1Hospital Universitario de Bellvitge, Gastroenterology, L´Hospitalet de Llobregat, Spain, 2Hospital Universitario de Bellvitge, Pharmacy, L´Hospitalet de Llobregat, Spain, 3Hospital Universitario de Bellvitge, Laboratory of Biochemistry, L´Hospitalet de Llobregat, Spain, 4Barcelona University, Pharmacokinetics. School of Pharmacy, Barcelona, Spain, 5Hospital Universitario de Bellvitge, Immunology, L´Hospitalet de Llobregat, Spain

Background

There is a large inter-patient pharmacokinetic (PK) and pharmacodynamic (PD) variability of infliximab (IFX) in inflammatory bowel disease (IBD) that may affect the clinical outcomes. The rs1143634 polymorphism in the gene coding for IL1β has been associated with the serum concentration of this proinflamatory cytokine and with the response to Infliximab in Crohn’s disease (CD) patients.

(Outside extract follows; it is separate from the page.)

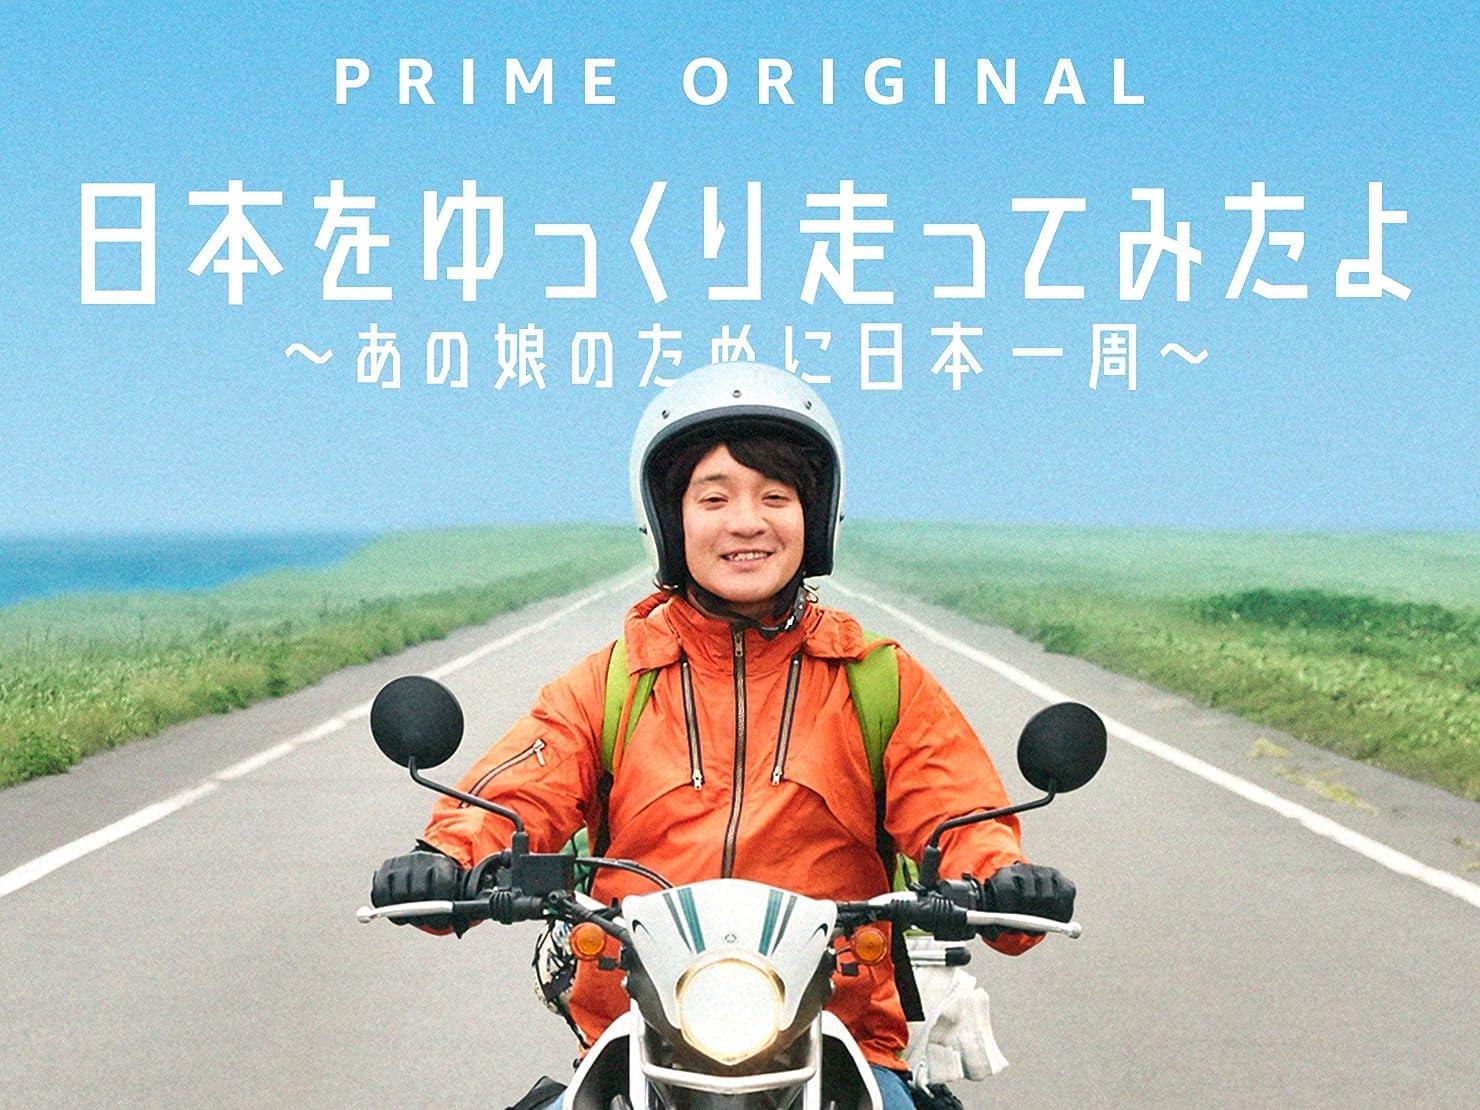 センサー否定するバリー日本をゆっくり走ってみたよ ~あの娘のために日本一周~(4K UHD)
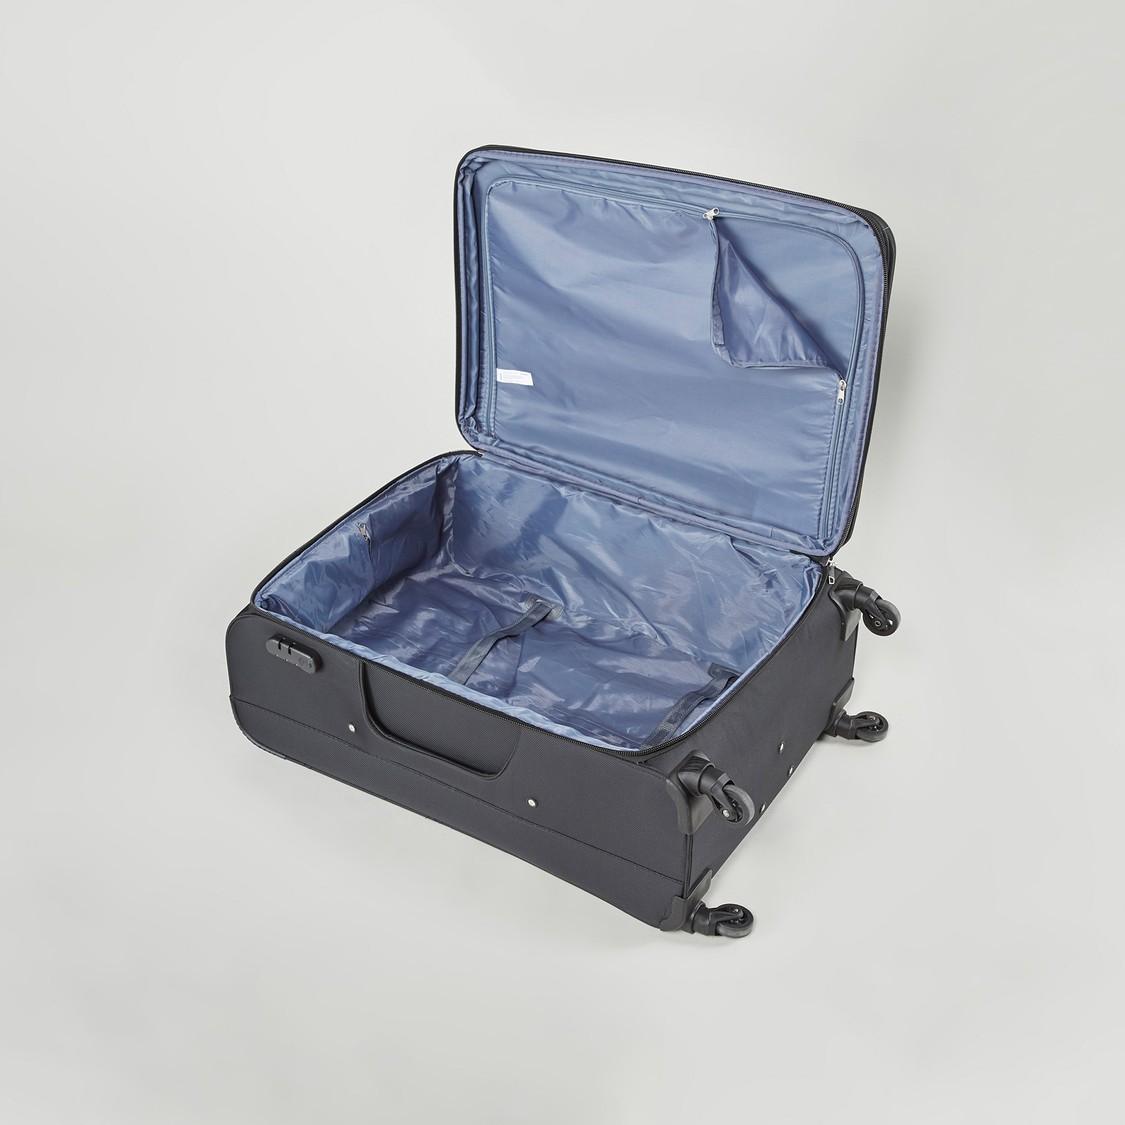 شنطة سفر ناعمة بارزة الملمس بمقبض قابل للسحب وعجلات دوّارة - 47x31x68 سم

Unravelling the effect of this genetic polymorphism on IFX exposure might help to refine therapy in patients with IBD.

The objective of this study was to assess the effect of the rs1143634 single nucleotide polymorphism (SNP) of IL1β on IFX exposure and PK in IBD patients.

Methods

IBD patients receiving IFX between July 2013 and December 2014 (n = 67) were genotyped for IL1 β polymorphism (CC, CT, and TT). Associations between this SNP and predose concentrations (Cmin, mg/L), dose-adjusted Cmin (Cmin /D, mg.L-1/mg.month-1), area under the concentration-time curve (AUC, mg/h/L), and half-life (t 1/2, days) at steady-state were evaluated. Normalised by dose exposure, parameters were statistically compared after log transformation. Pharmacokinetic and statistical analyses were performed using Nonmem®7.2 and SPSSv19, respectively.

Results

In total, 67 patients were included (56.7% CC, 34.3% CT and 9.0% TT). All patients who developed antibodies towards IFX (ATI) were carriers C (15% of carriers C). Further, 60% of CC patients had Cmin < 3 mg/L vs 17% of TT patients. Univariate analysis demonstrated that median Cmin was statistically lower in CC patients than in TT patients (CC 1.38; CT 2.78; TT 6.40, p = 0.013). Cmin/D (CC 0.04; CT 0.069; TT 0.153, p = 0.019,) and AUC (CC 21771; CT 27825; TT 35875, p = 0.023) were also significantly lower in CC than in TT patients. t1/2 was significantly lower in CC patients than in CT or TT (CC 9.5 vs CT and TT 13) patients (p = 0.038). Analysis of negative ATIs patients (n = 59) showed that median Cmin (2.05 vs 6.40; p = 0.018) and Cmin/D (0.051 vs 0.135, p = 0.036) were significantly lower in CC than in TT patients. Moreover, 55% of CC had a Cmin < 3 mg/L vs 17% of TT patients when ATI was negative.

Conclusion

The rs1143634 polymorphism in the gene coding for IL1β have a major influence on PK of IFX in IBD patients. C allele was associated with lower IFX exposure. Potentially, this polymorphism could be used for IFX dose optimisation.